* **ACTION ITEM**:
Starting with the line in which "Pet aktivite zenginleştirme" appears, give back every line exactly as written until the listing ends, excluding pictures.

(PROVIDED DATA begins)

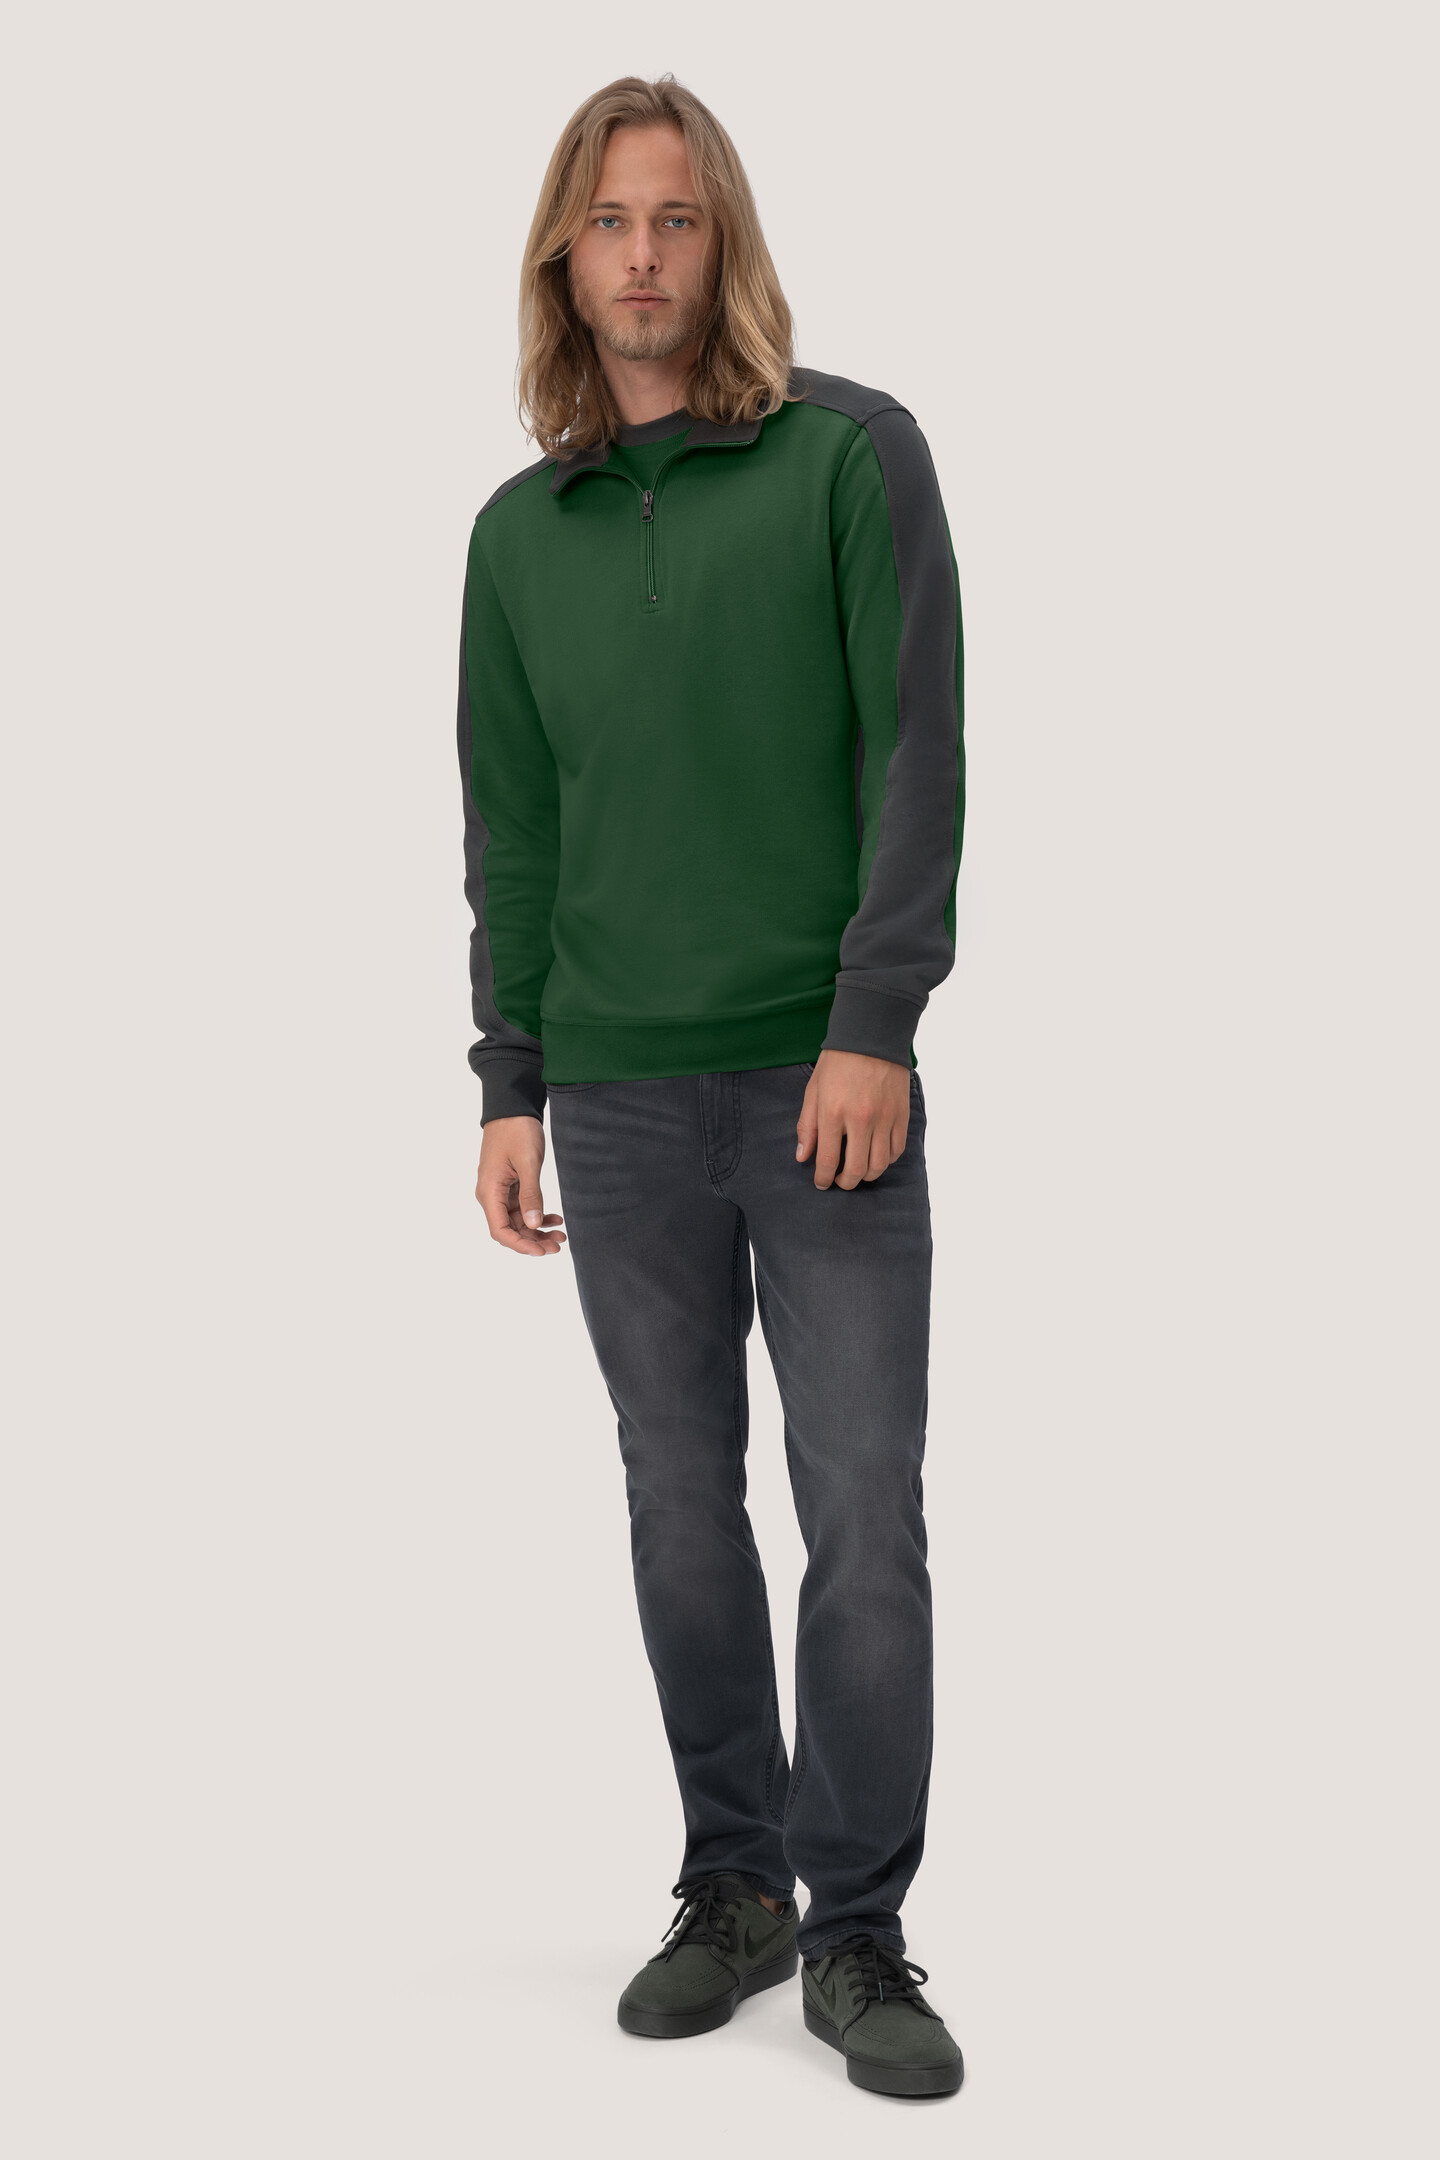 HAKRO Zip-Sweatshirt 476 Contrast Mikralinar®
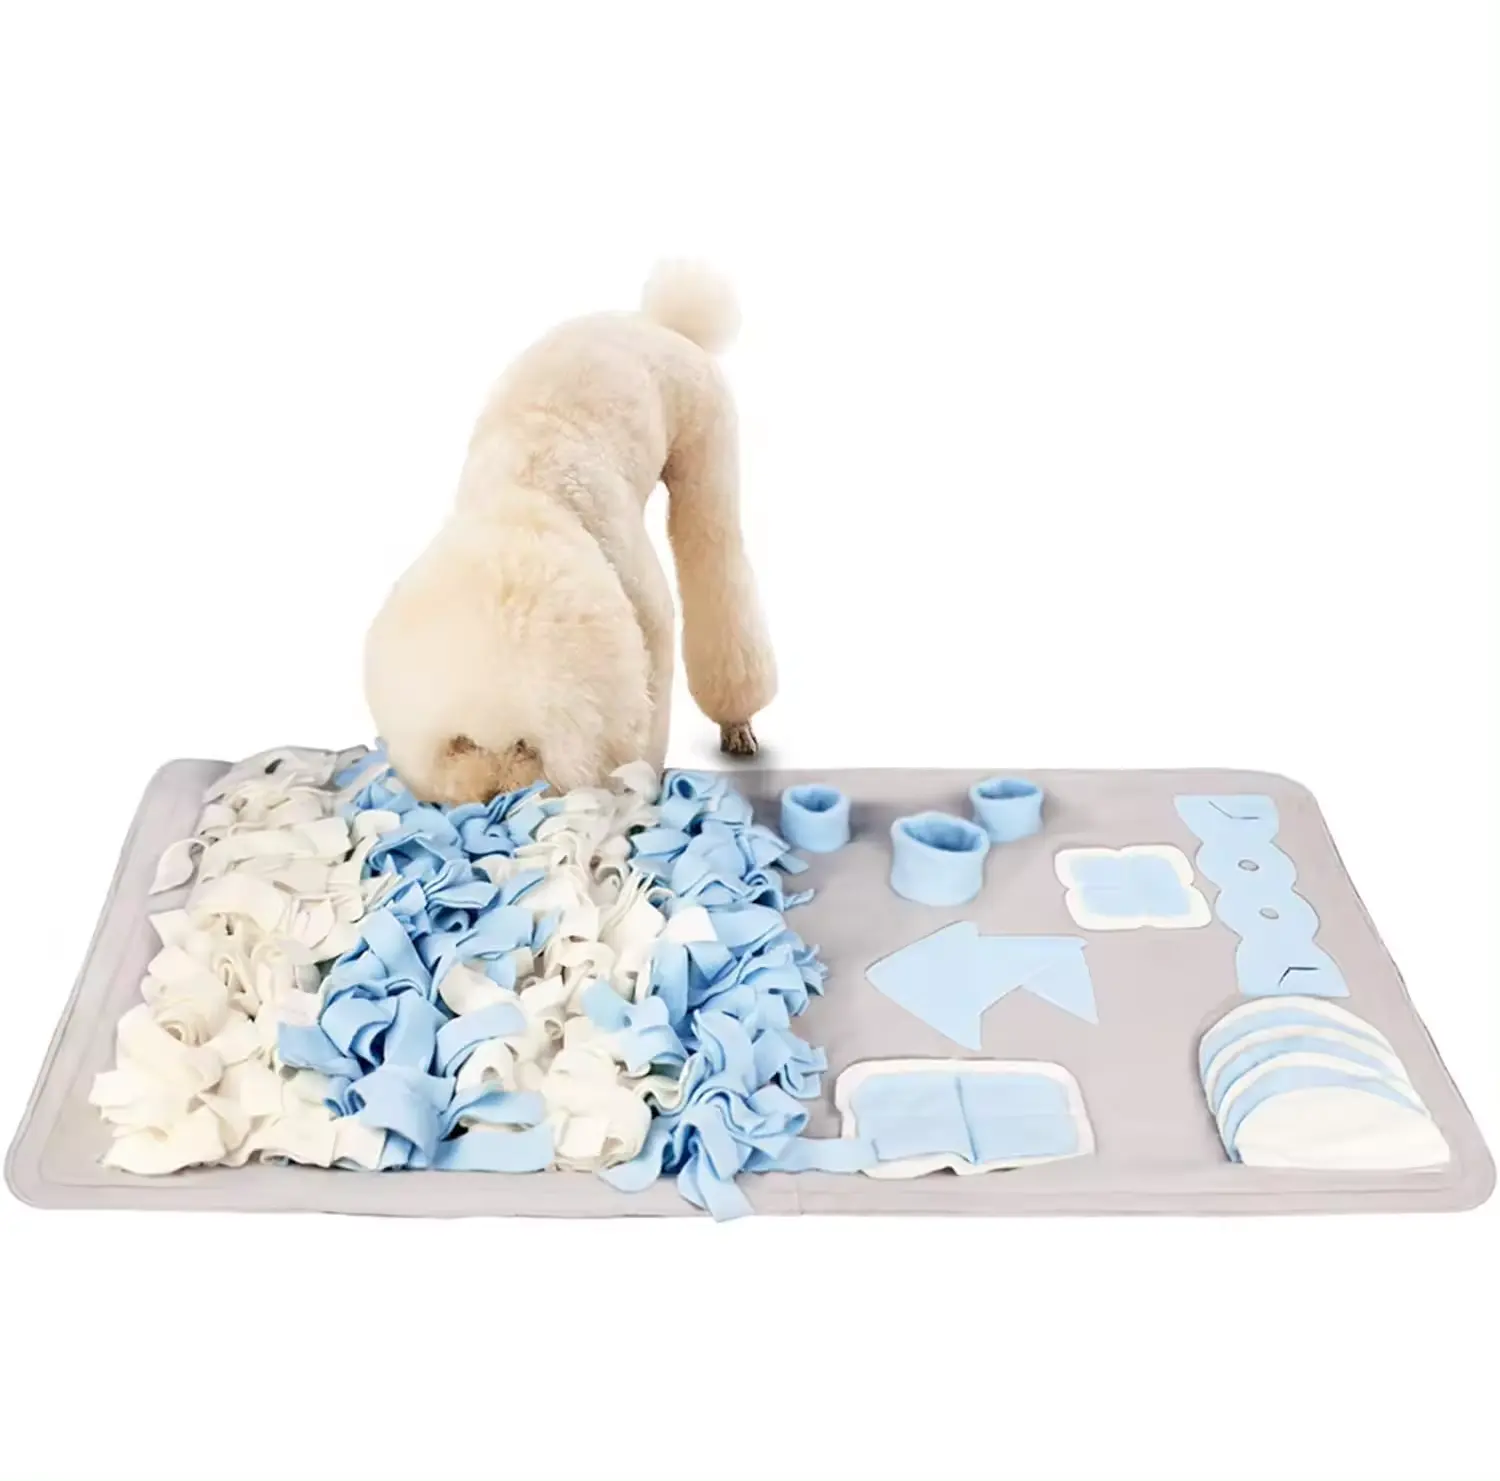 Pet aktivite zenginleştirme köpek koklama Mat gıda oyunu battaniye bulmaca halı burun iş köpekler için snudogs Mat
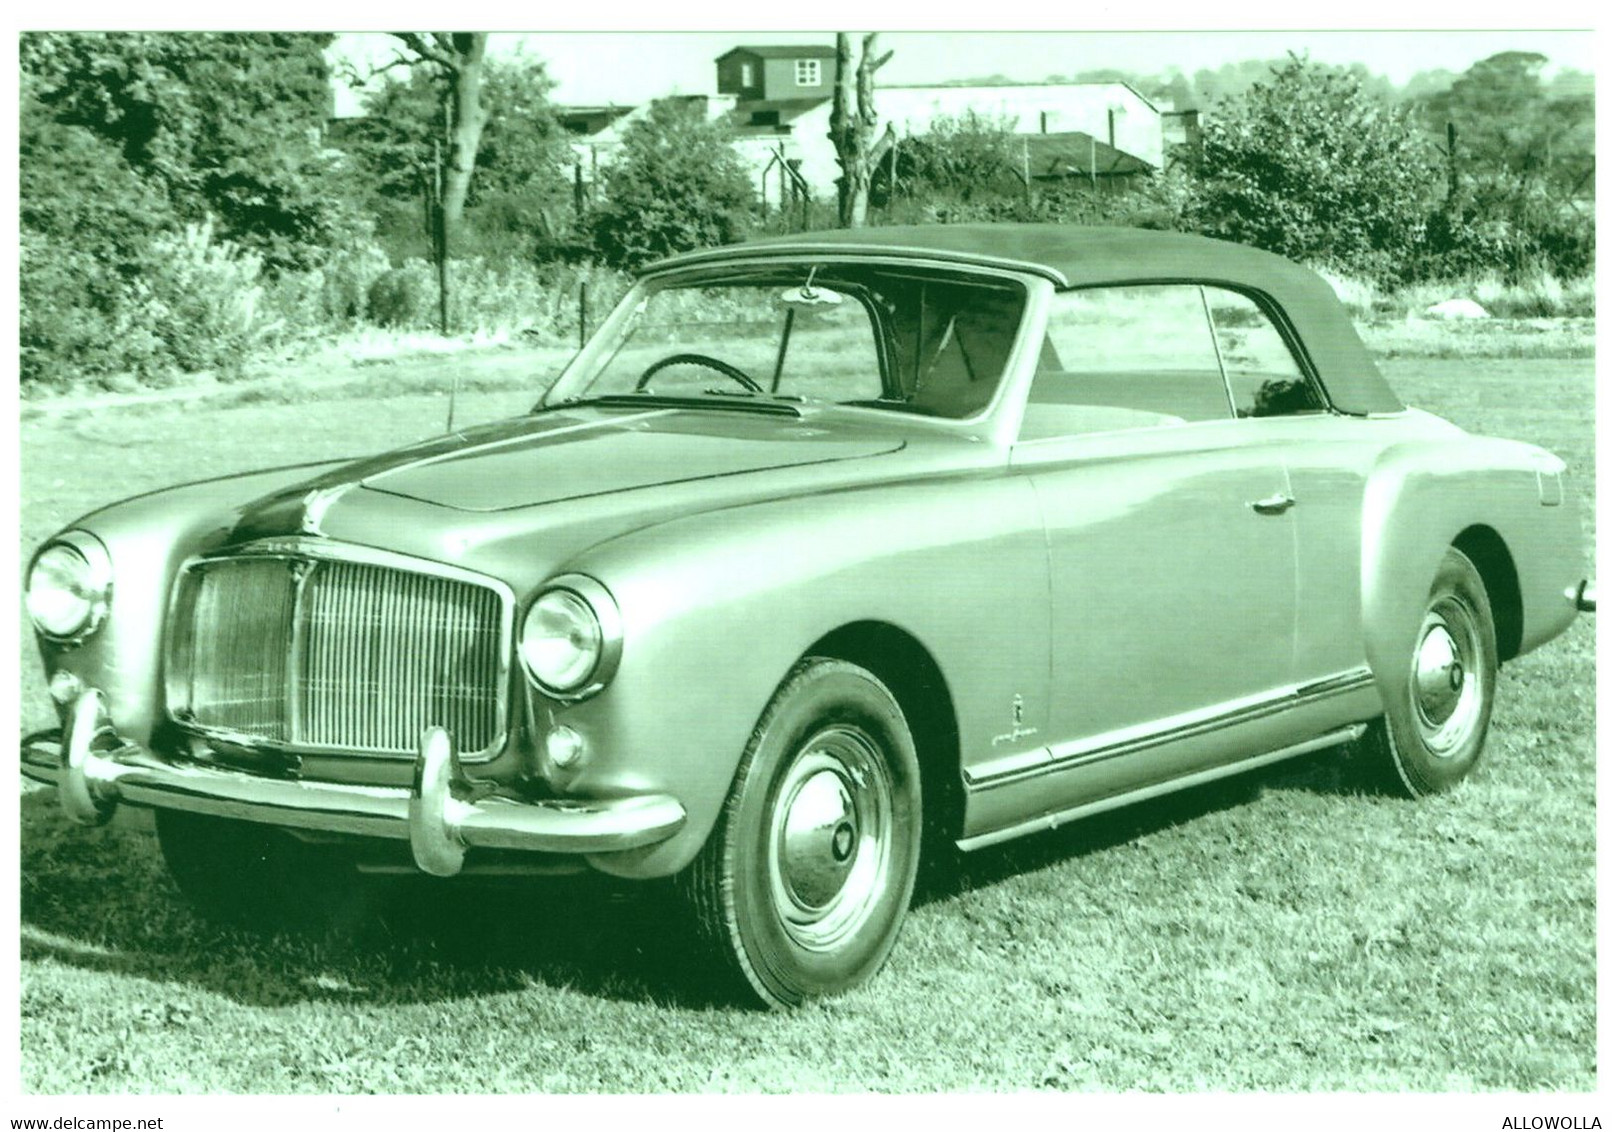 17227 " ROVER P4 CONVERTIBLE PININFARINA (1953)  " RIPRODUZIONE SU CARTA FOTOGRAFICA-FOTO B/N Cm. 10,2 X 15,2 - Automobili
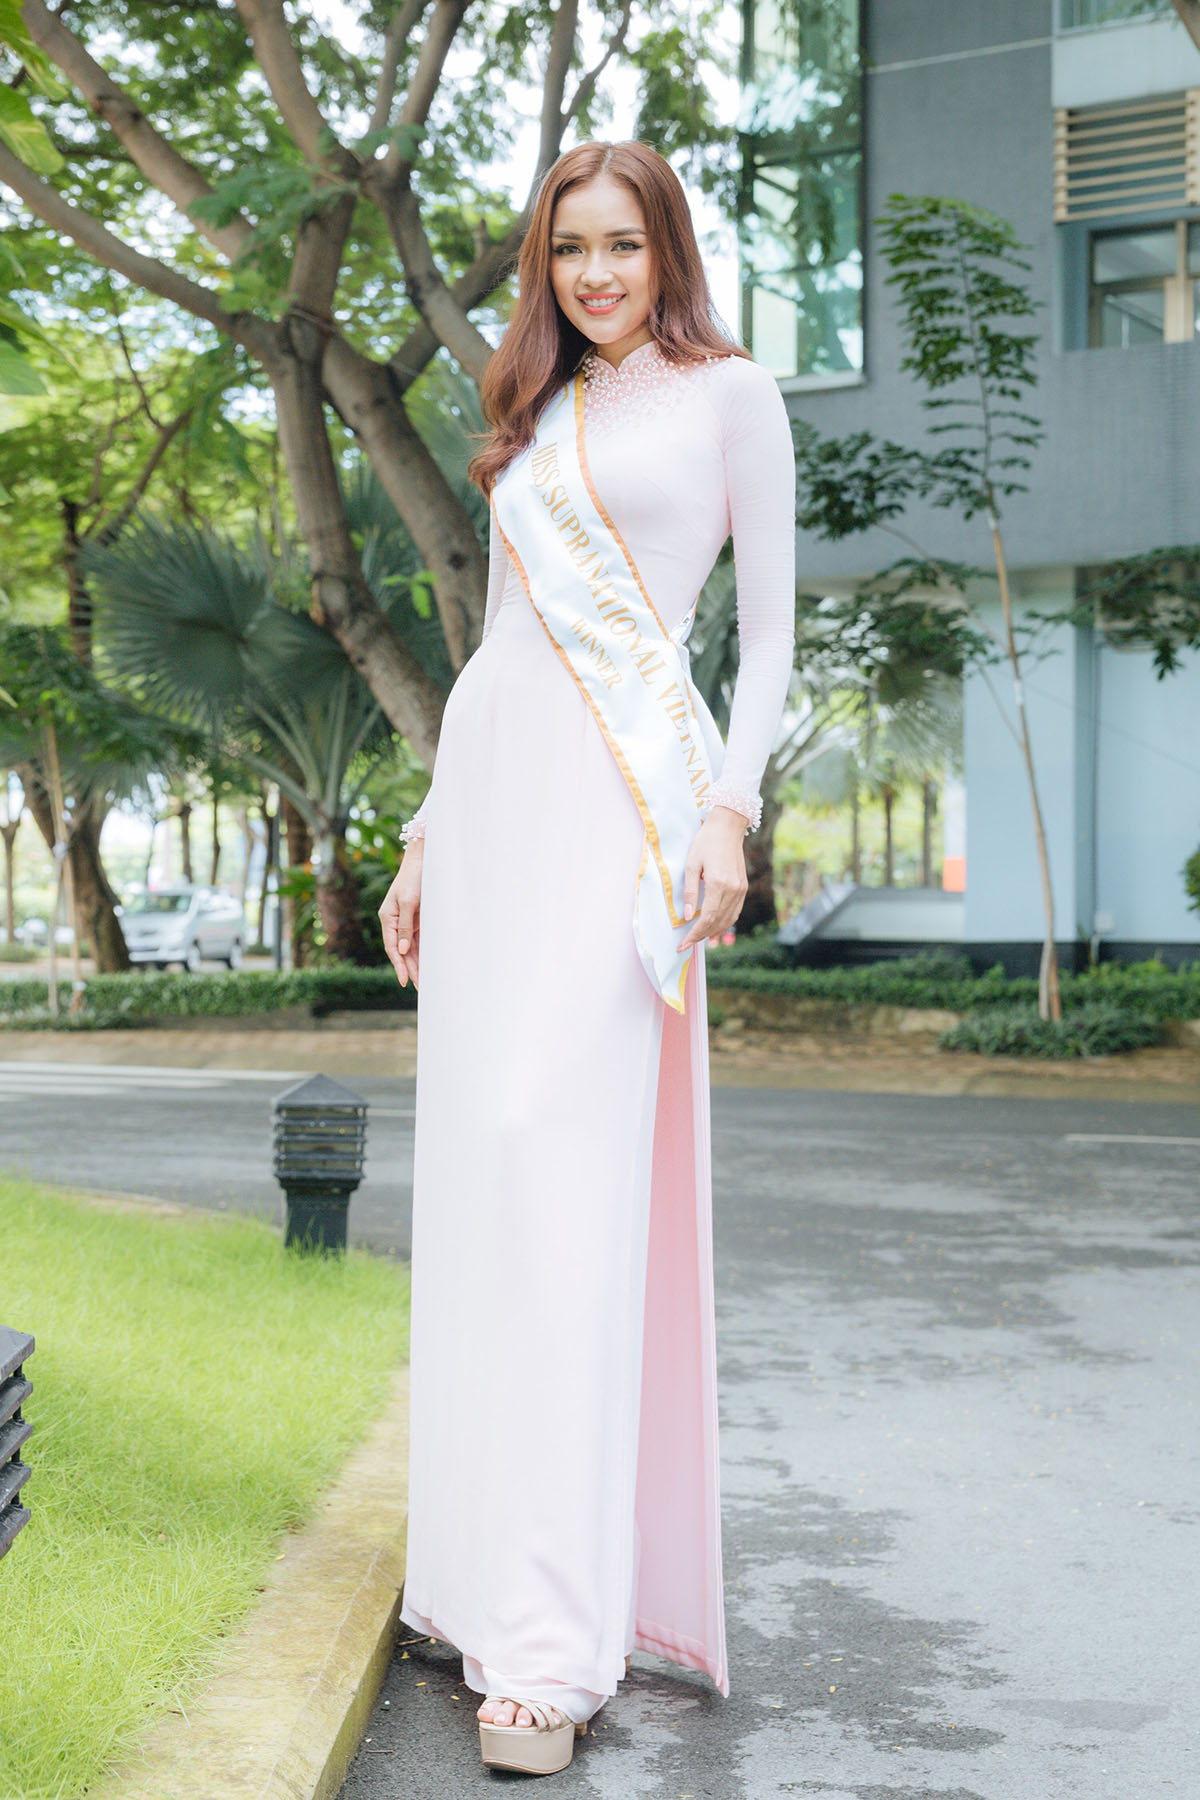 Hoa hậu Ngọc Châu rạng rỡ áo dài về thăm trường sau đăng quang 'Miss Supranational Vietnam 2018'

(PROVIDED DATA ends)

* **RESPONSE TO THIS TASK**:
 Pet aktivite zenginleştirme köpek koklama Mat gıda oyunu battaniye bulmaca halı burun iş köpekler için snudogs Mat
 17227 " ROVER P4 CONVERTIBLE PININFARINA (1953)  " RIPRODUZIONE SU CARTA FOTOGRAFICA-FOTO B/N Cm. 10,2 X 15,2 - Automobili
 Hoa hậu Ngọc Châu rạng rỡ áo dài về thăm trường sau đăng quang 'Miss Supranational Vietnam 2018'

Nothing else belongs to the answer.